Got anything you'd like to add?

Friday, February 11, 2011

Jef finds fun running, running on fumes in Florida

My coaches over the years have had plenty of chances to remind me that training dumb is better than racing dumb, but what's left unspoken is that it can’t hurt to try and do neither one dumb. It’s something for me to shoot for.

I’m apparently not there yet.

Last weekend Patty and I took a very welcome trip to visit some friends in Hollywood, Fla., near Fort Lauderdale. Among (many) other things, I was delighted to be able to run in shorts and a tank top, with actual traction. And I did run. I had two leisurely 6-milers to do on either side of a much-anticipated 18-miler. I couldn’t wait, but I’d have been wise to slow things down a bit – and I don’t mean in the early parts of the run.

No, I behaved myself just fine that way. I warmed up the first mile – 8:15 – and then settled into my 7:50/mi pace and carried on as planned: Hold temptation at bay early, hold fatigue at bay late. But it didn’t work that way. I never really fatigued in the classic sense, but I started slowing after 14 miles with the all-too-familiar sensation of the fuel-gauge needle veering suddenly and determinedly toward E. It’s an awful feeling, not least because it doesn’t feel awful enough.

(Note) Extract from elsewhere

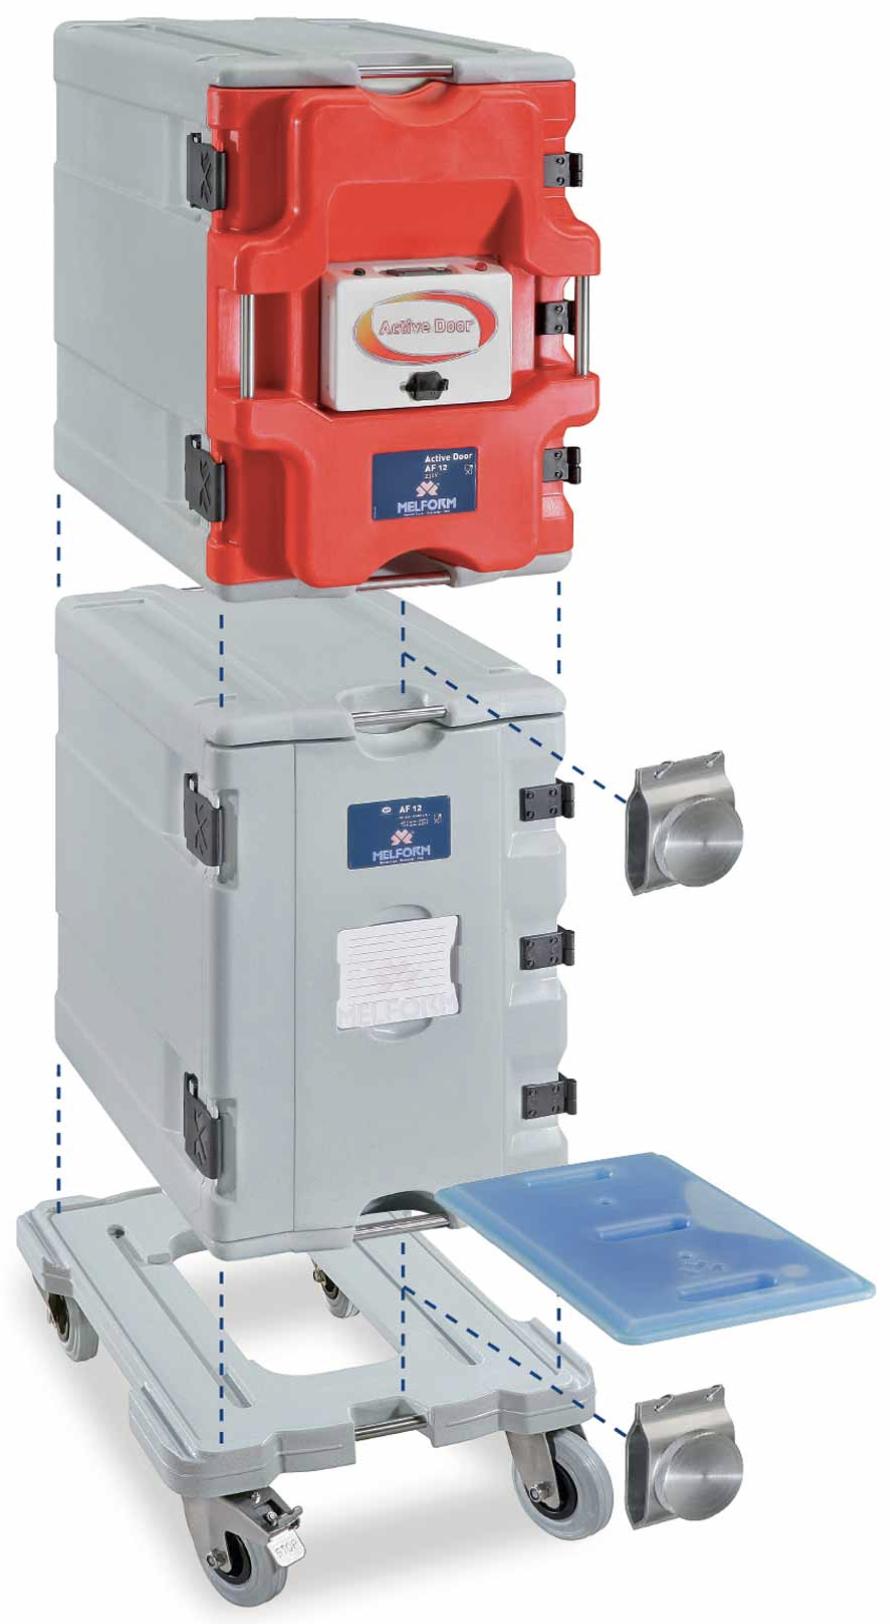 Sistema modular activo AF12 - permite la composición modular de los contenedores AF12. Puerta activa y puerta isotérmica.
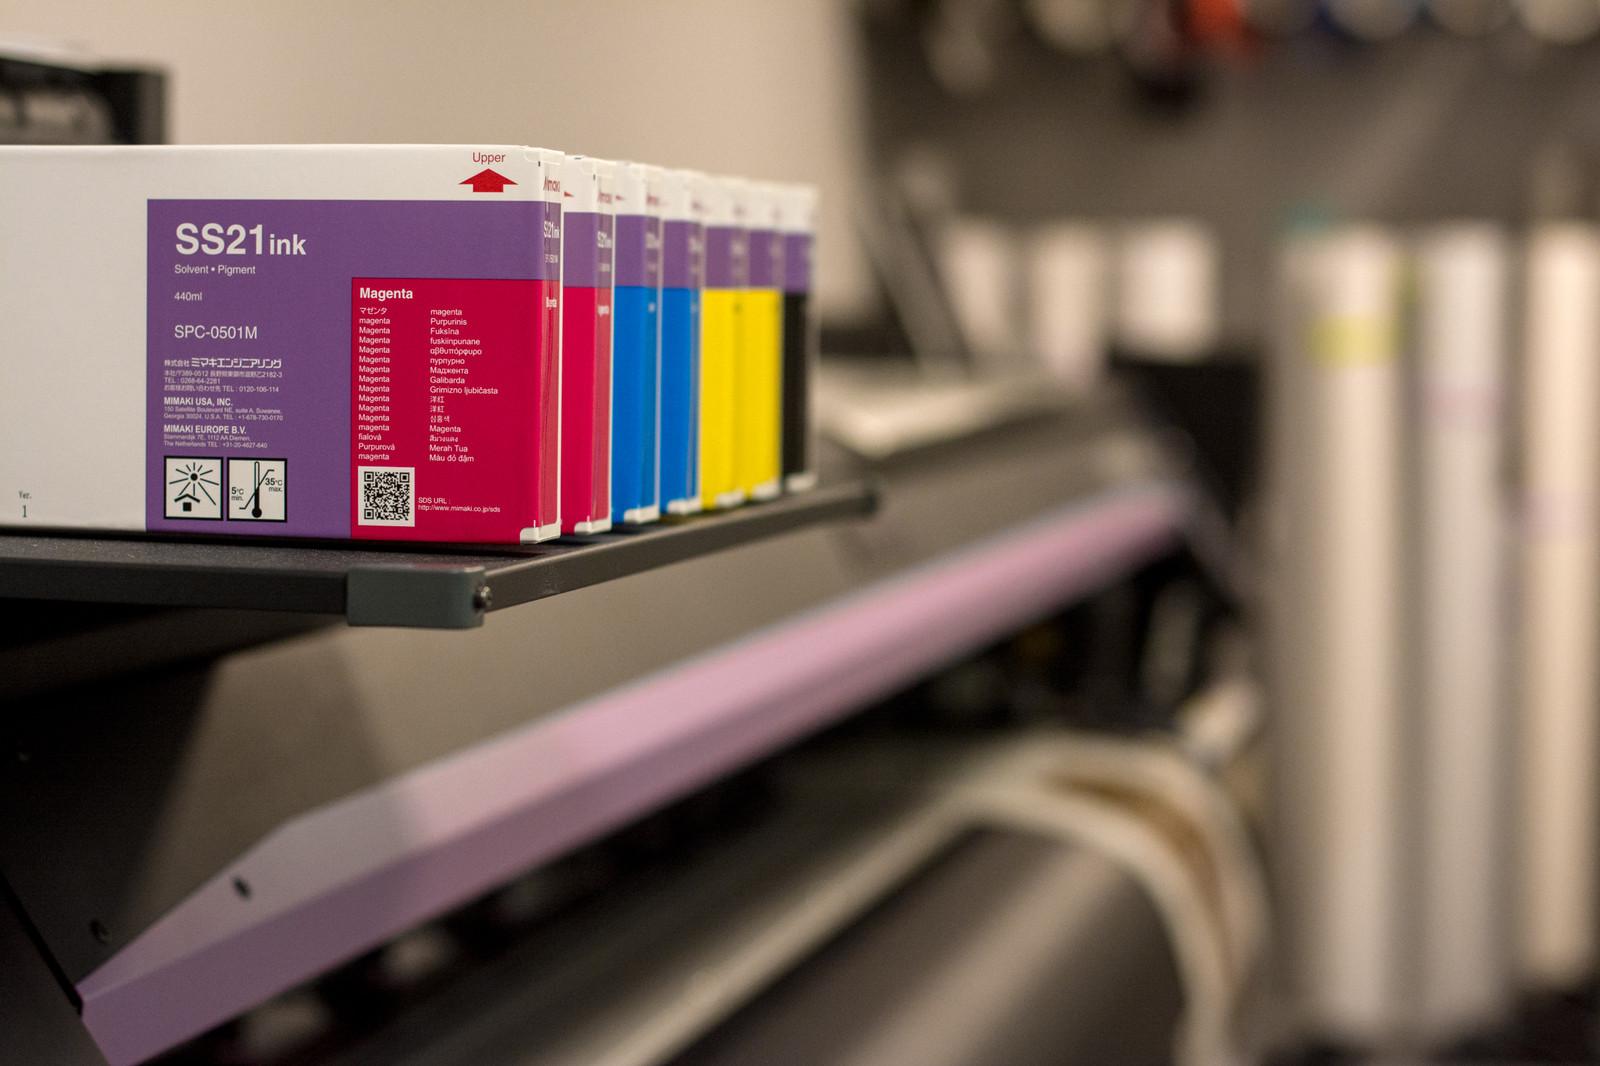 hgdesignstudio | Printing Services

Heart rate: steady. Legs: Fresh enough, but just not moving. It’s very frustrating.

And it wasn’t supposed to be happening. I’d been carrying a belt full of bottles and emptying them on schedule. I wasn’t drinking my usual stuff, true. I left that at home, figuring I’d rather find a running or cycling shop in Florida than have a heart-to-heart discussion with TSA at the airport about the unlabeled powder in my luggage. But there were no such shops terribly close to our friends’ house, and they had a garage refrigerator full of Gatorade. No problem. I’ve run on Gatorade plenty of times. The grocery-store stuff is a little sugary, but if you cut it 50/50 with water, it works well enough.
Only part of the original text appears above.